Это уж было слишком, и доктор Фауст, по обыкновению до йоты все обдумав загодя, тут же в нехарактерной для него манере пану Твардовскому буркнул:
— Не лезь в пекло поперед батьки!..
И только после этих слов доктор Фауст уселся на скамье с ничуть не меньшим достоинством, чем у всех радчиков, лавников и самого бургомистра неславного делом Франциска Скорины места Познаньского.
— Многоуважаемый, многодостойнейший, выдающийся ученый муж Францискус Скорина! — велеречиво обратился к узнику Фауст. — Мне всегда хотелось называть вас только очаровательным. И только так я называл бы вас всегда, если б не святая инквизиция и если б я не страшился, что мое слово станет доносом на ваши чары ума и души. За донос я, правда, получил бы третью часть вашего имущества, как то полагается каждому, когда святая инквизиция делит скарб колдуна между доносчиком, собою и святейшим папой римским. Но я — не каждый. Я мог продать душу за знания, однако ж не за треть имущества!...
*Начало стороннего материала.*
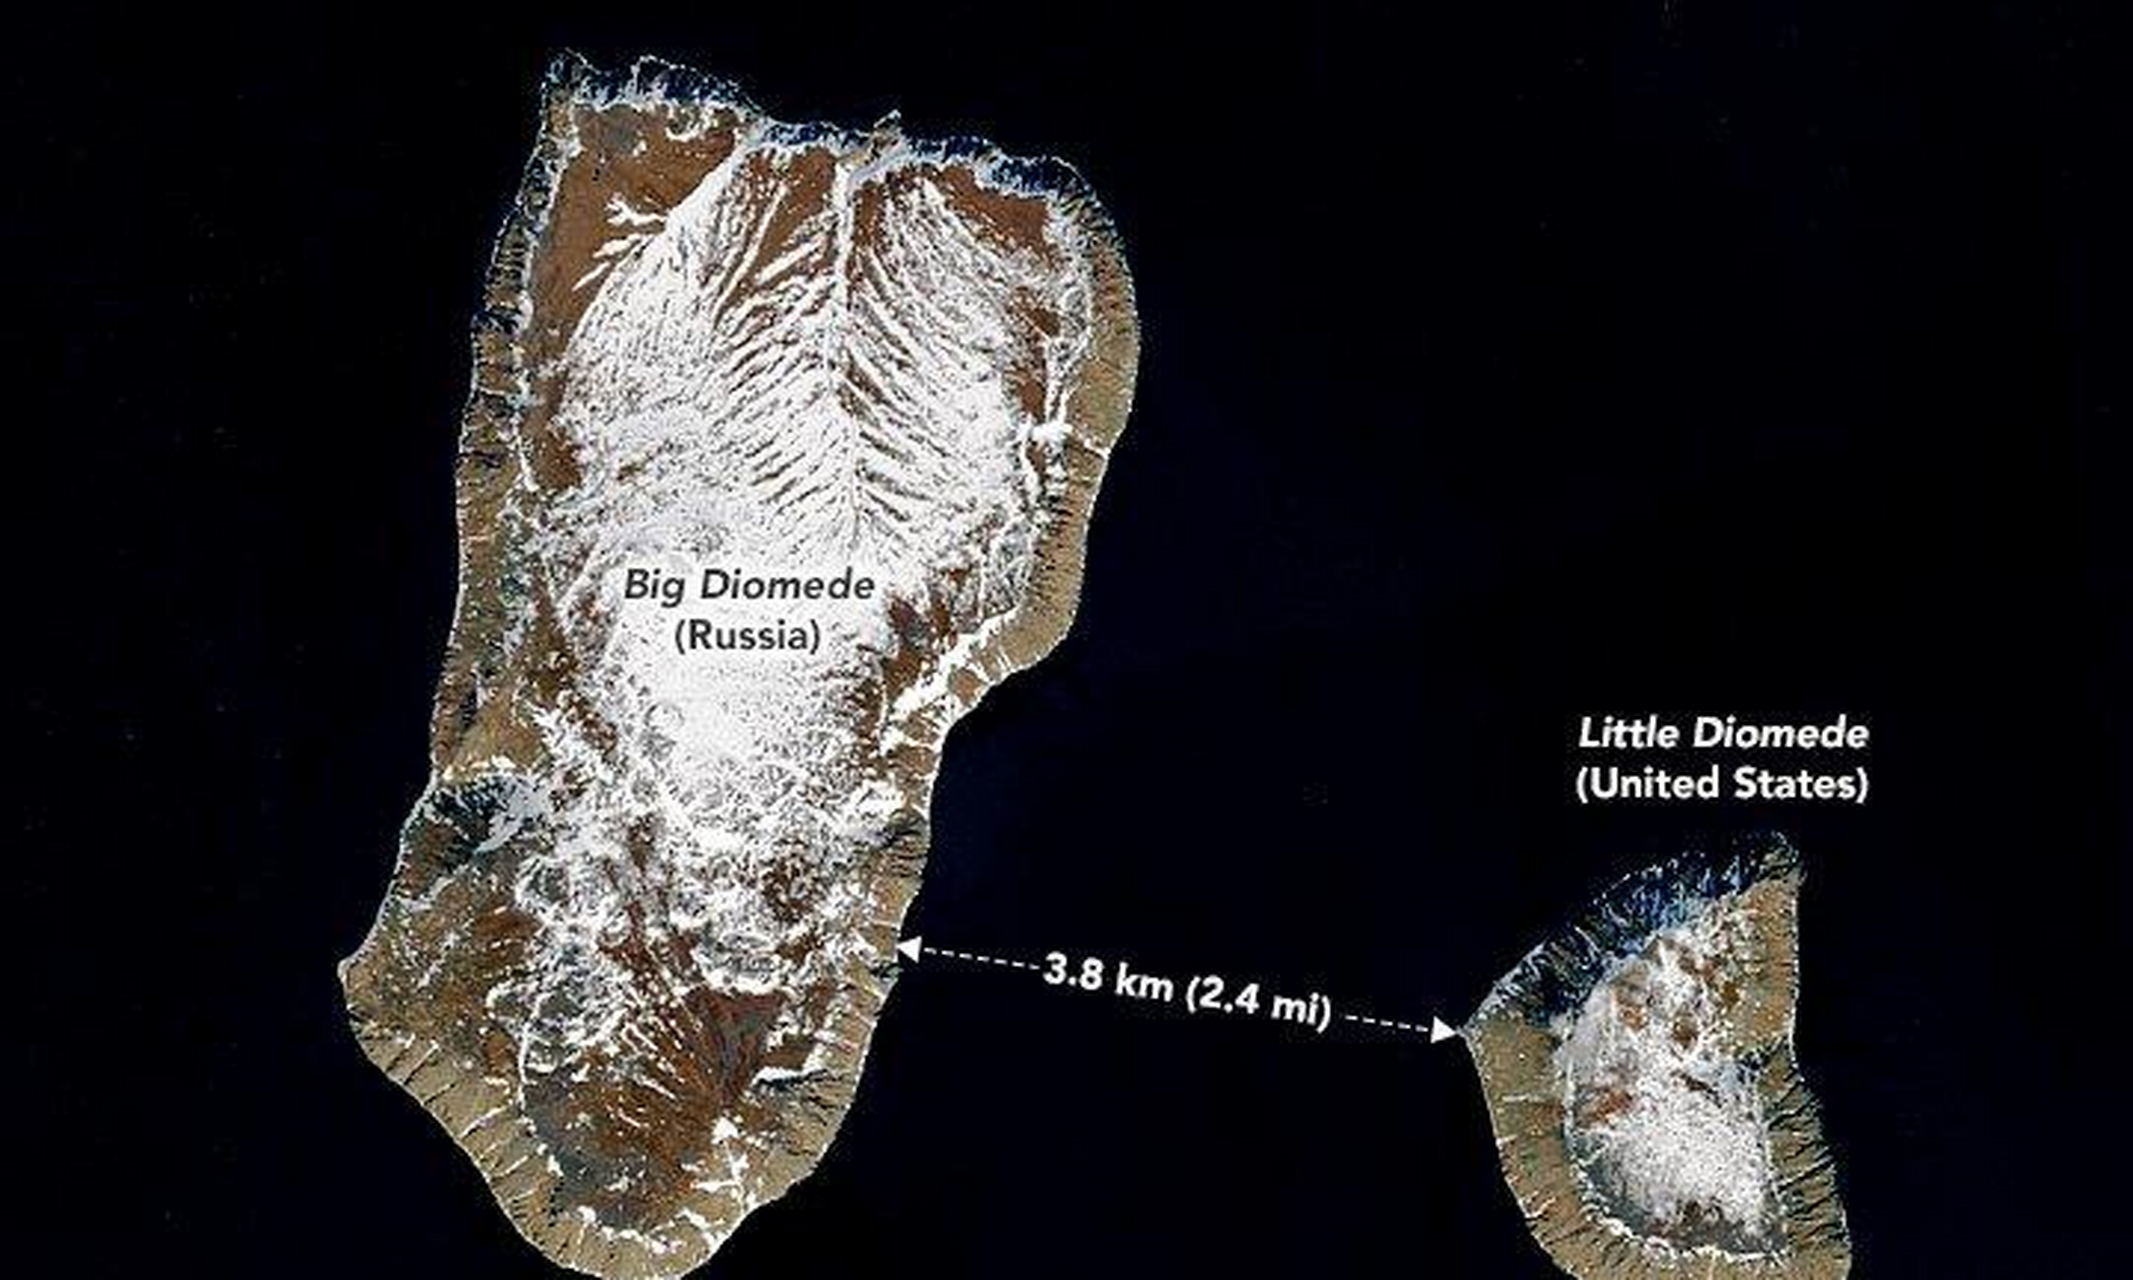 东边的岛称为小代奥米德岛,为美国的领土;这两座岛中间有条国际日期

В это мгновение доктор Фауст показался прекрасным не только Скорине. И тут надобно сказать, что ничего не поделаешь, что так уж устроен сей белый свет и даже доктора черной магии не свободны от желания в глазах осужденного человека в последнюю встречу с ним обелять себя. Но Фауст быстро и сам это понял и сказал:
— Извините, коллеги, мое увлечение своей особой. Однако я действительно больше вашего думал о творящейся тут несправедливости. И вот к каким выводам я в итоге пришел...
Тут доктор Фауст сделал паузу, ставя свое грузное тело на обе свои ноги, твердо покоящиеся, как всегда в том был убежден сам доктор Фауст, на твердой основе готской классической философии. И тогда Фауст сказал:
— Итак, коллеги, здесь перед нами не история христопродажничества в новом своем варианте, хотя Иуды в этой истории, конечно, имеются, но выйти из нее новым Христом наш достославнейший Франциск не может. Ибо это дело предусматривает не распятие и воскресение, а всего лишь бесславный в своей бесславной неизвестности конец нашего наизнаменитейшего Великого Печатника. Кто не хочет, чтоб его печатнический труд продолжился за его печатным станком, тот и виновник. Я полагаю, что моим любезным друзьям Прекрасным цветкам достаточно известно, кто не желает, чтобы великий Статут Великого княжества Литовского был напечатан. Так что во главу угла прошу вас, уважаемые, ставить имя именно того, кто, подобно мне, понимает, что славное дело Великого Печатника тотчас превратится в бесславное вместе со смертью бесславного бродяги, ашуста[158], беглого человека, грабителя, за которого выдают нашего славного секретаря виленского епископа Яна и выдающегося ученого мужа великие ростовщики Варшавы Старый Мойша и его сын Лазарь. Запоешь тут Лазаря! Не побирушкой — нет! — хотят сделать нашего богатою духом и любовью Франциска Скорину. Палач свою добычу всегда чует. Палач недаром тут сегодня.
Все Прекрасные цветки разом глянули в сторону Палача, который продолжал оставаться в их компании, не будучи, как то считали Прекрасные цветки средневековья, Прекрасным цветком.
— Я вас пожалел бы... — начал было снова выражать свое сочувствие Скорине Голем, но, упершись глиняными глазами в философски холодные зрачки Фауста, тут же осекся.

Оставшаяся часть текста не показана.